_What you are asked to do_
Quote word for word the lines below, beginning with the first and ending with the one that has "FRANCE 1944 - PAIRE". Drop the pictures.

_Provided data_
++++++++
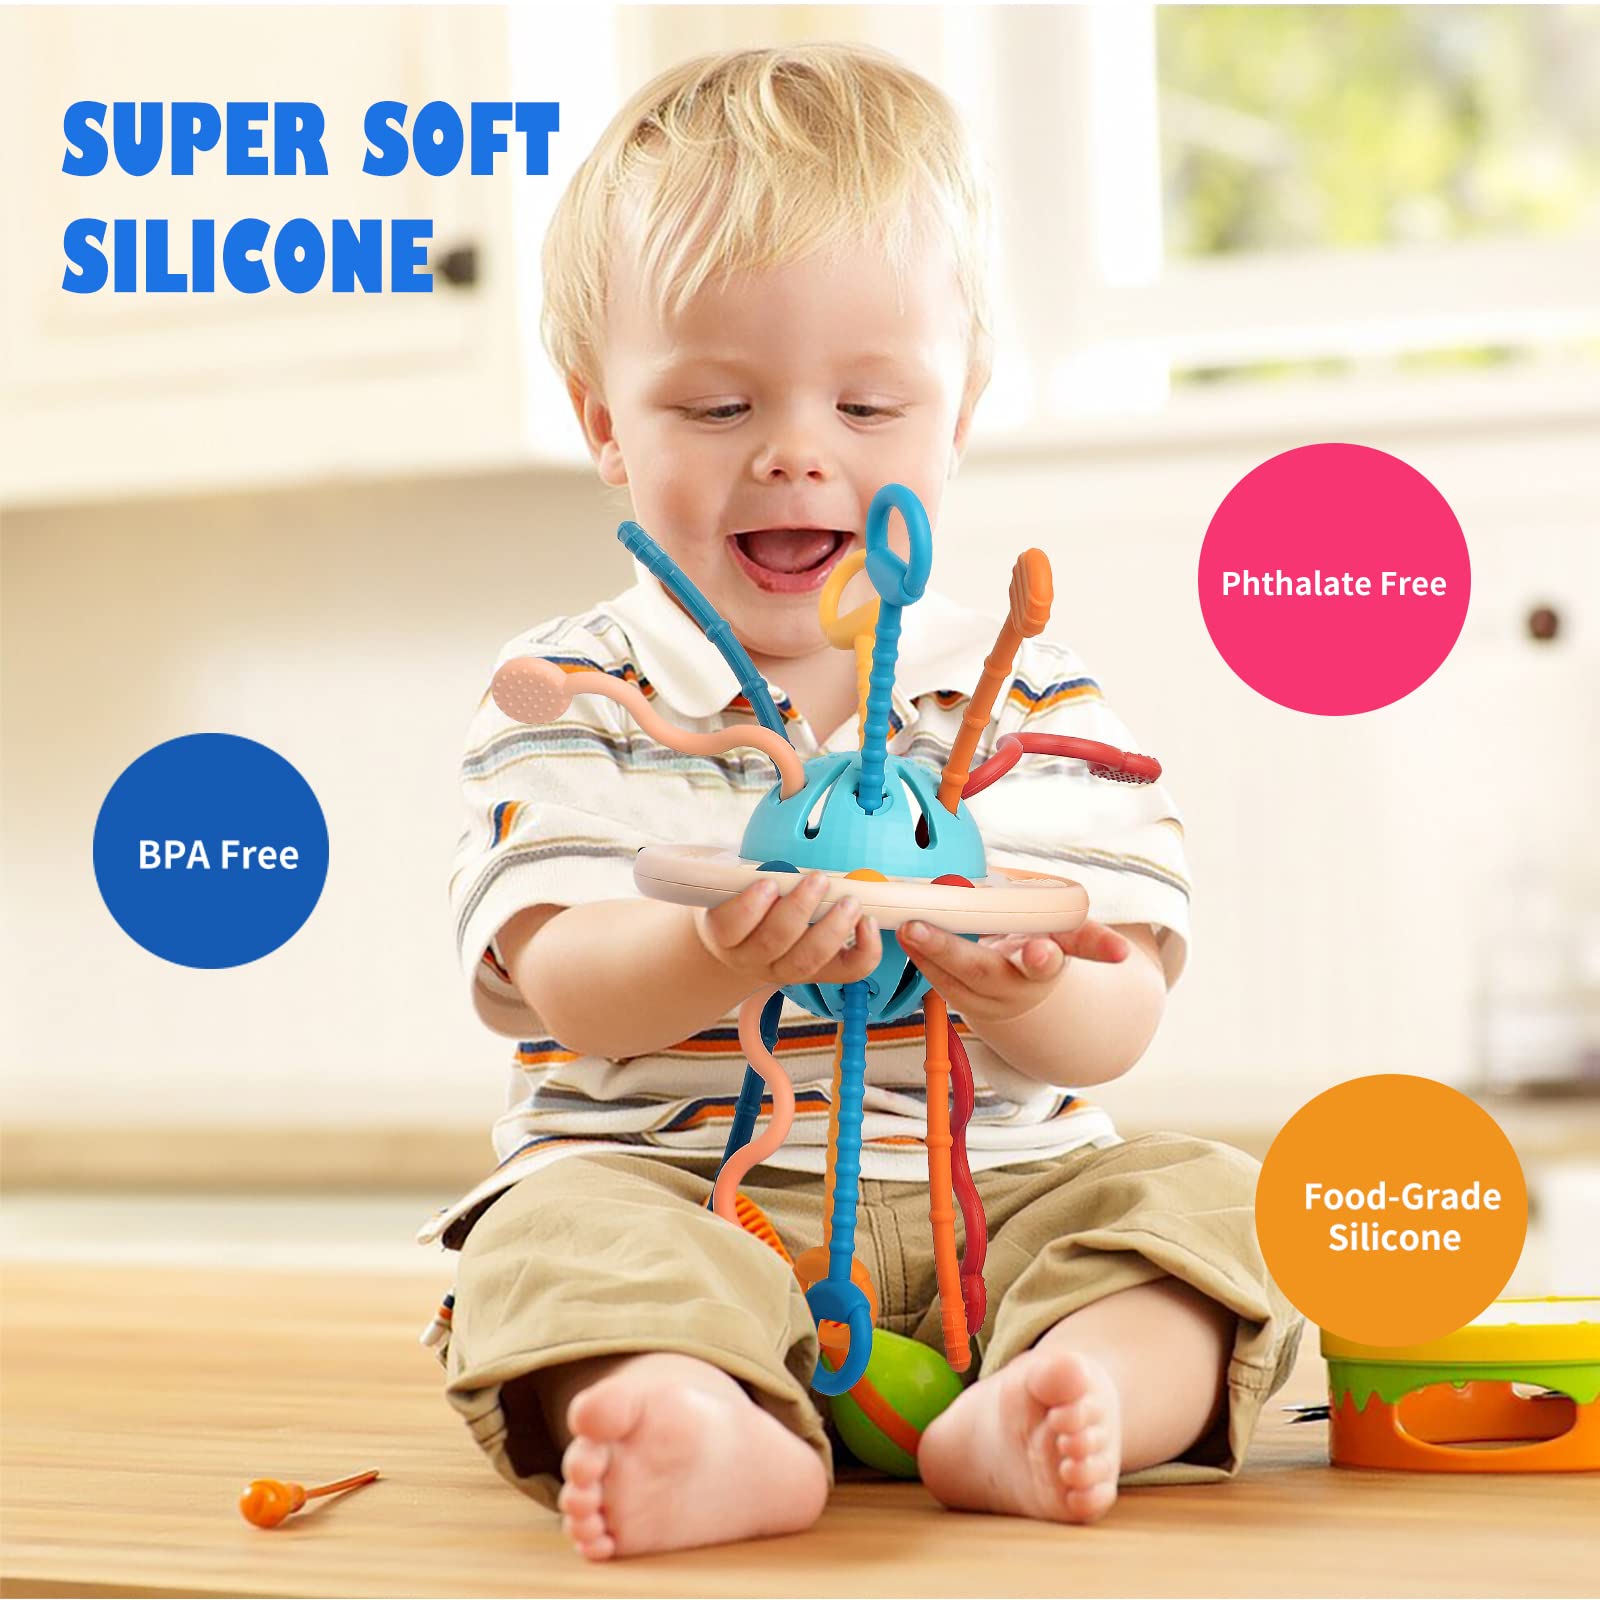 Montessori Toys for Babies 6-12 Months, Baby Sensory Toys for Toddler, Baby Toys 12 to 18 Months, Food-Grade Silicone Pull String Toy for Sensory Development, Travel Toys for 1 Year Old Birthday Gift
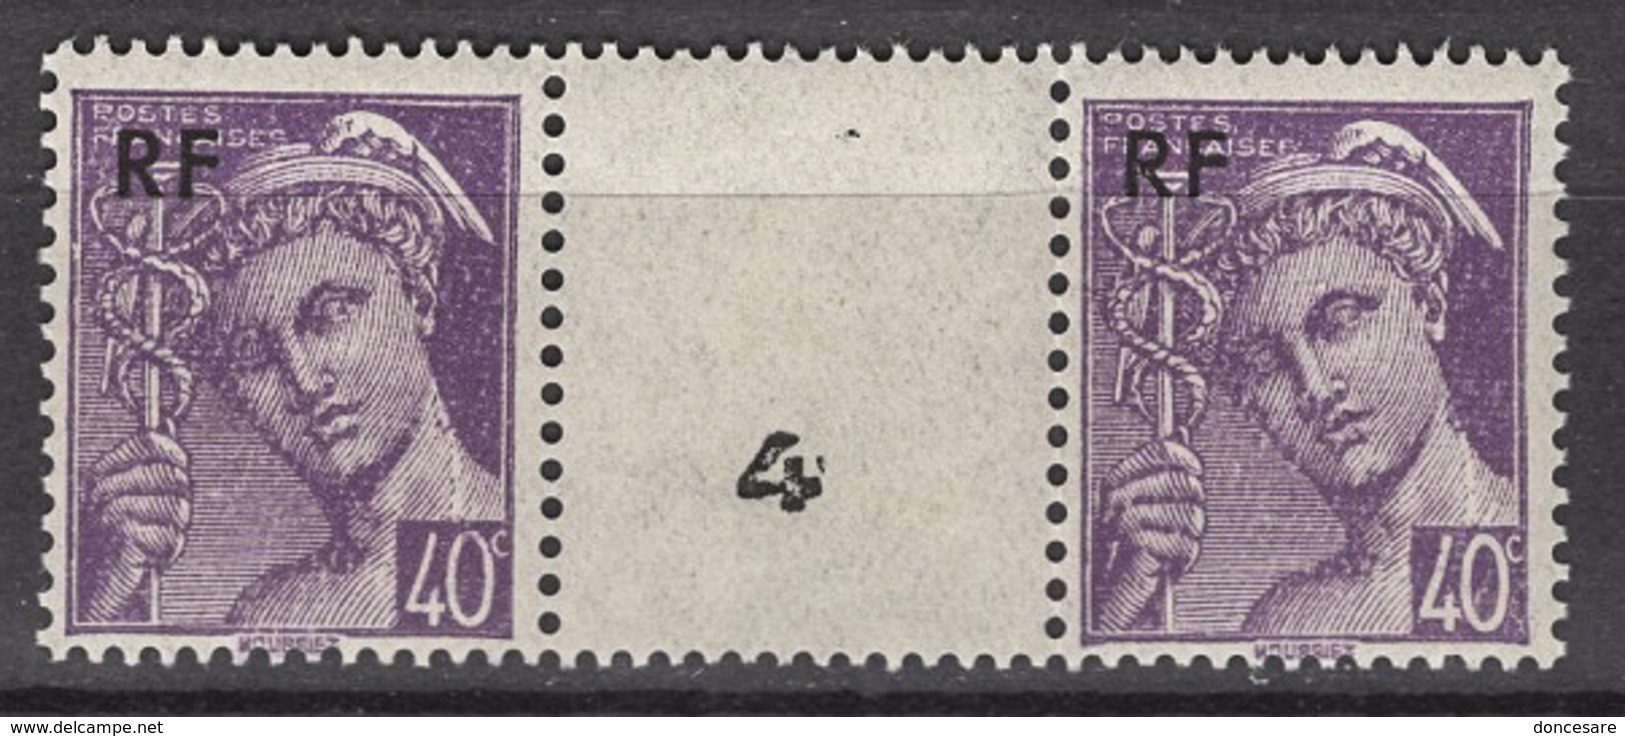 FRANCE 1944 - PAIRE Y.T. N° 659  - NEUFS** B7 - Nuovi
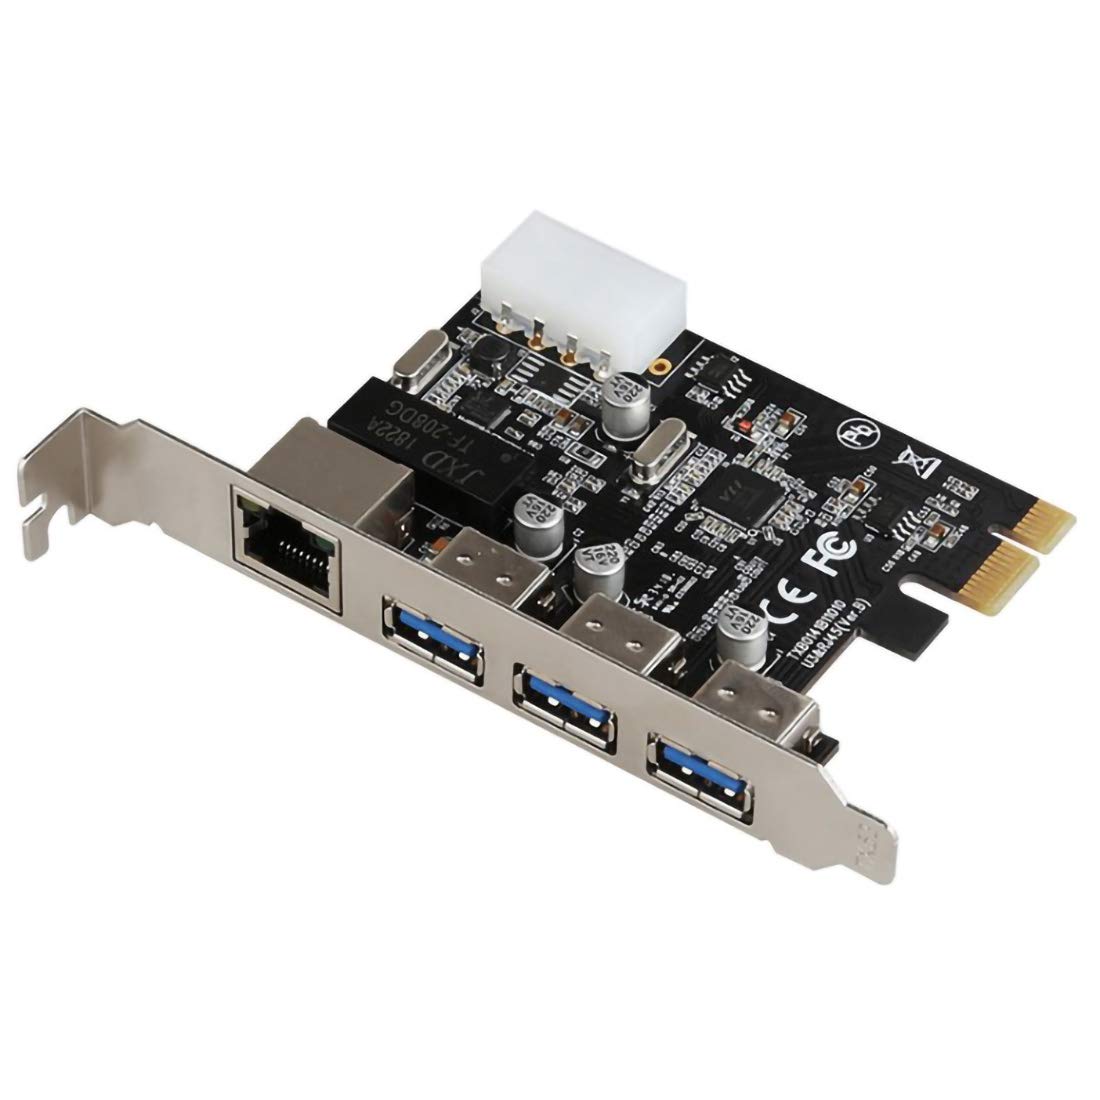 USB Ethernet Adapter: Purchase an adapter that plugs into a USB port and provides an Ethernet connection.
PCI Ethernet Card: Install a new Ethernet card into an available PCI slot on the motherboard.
++++++++
_Answer box_
 Montessori Toys for Babies 6-12 Months, Baby Sensory Toys for Toddler, Baby Toys 12 to 18 Months, Food-Grade Silicone Pull String Toy for Sensory Development, Travel Toys for 1 Year Old Birthday Gift
 FRANCE 1944 - PAIRE Y.T. N° 659  - NEUFS** B7 - Nuovi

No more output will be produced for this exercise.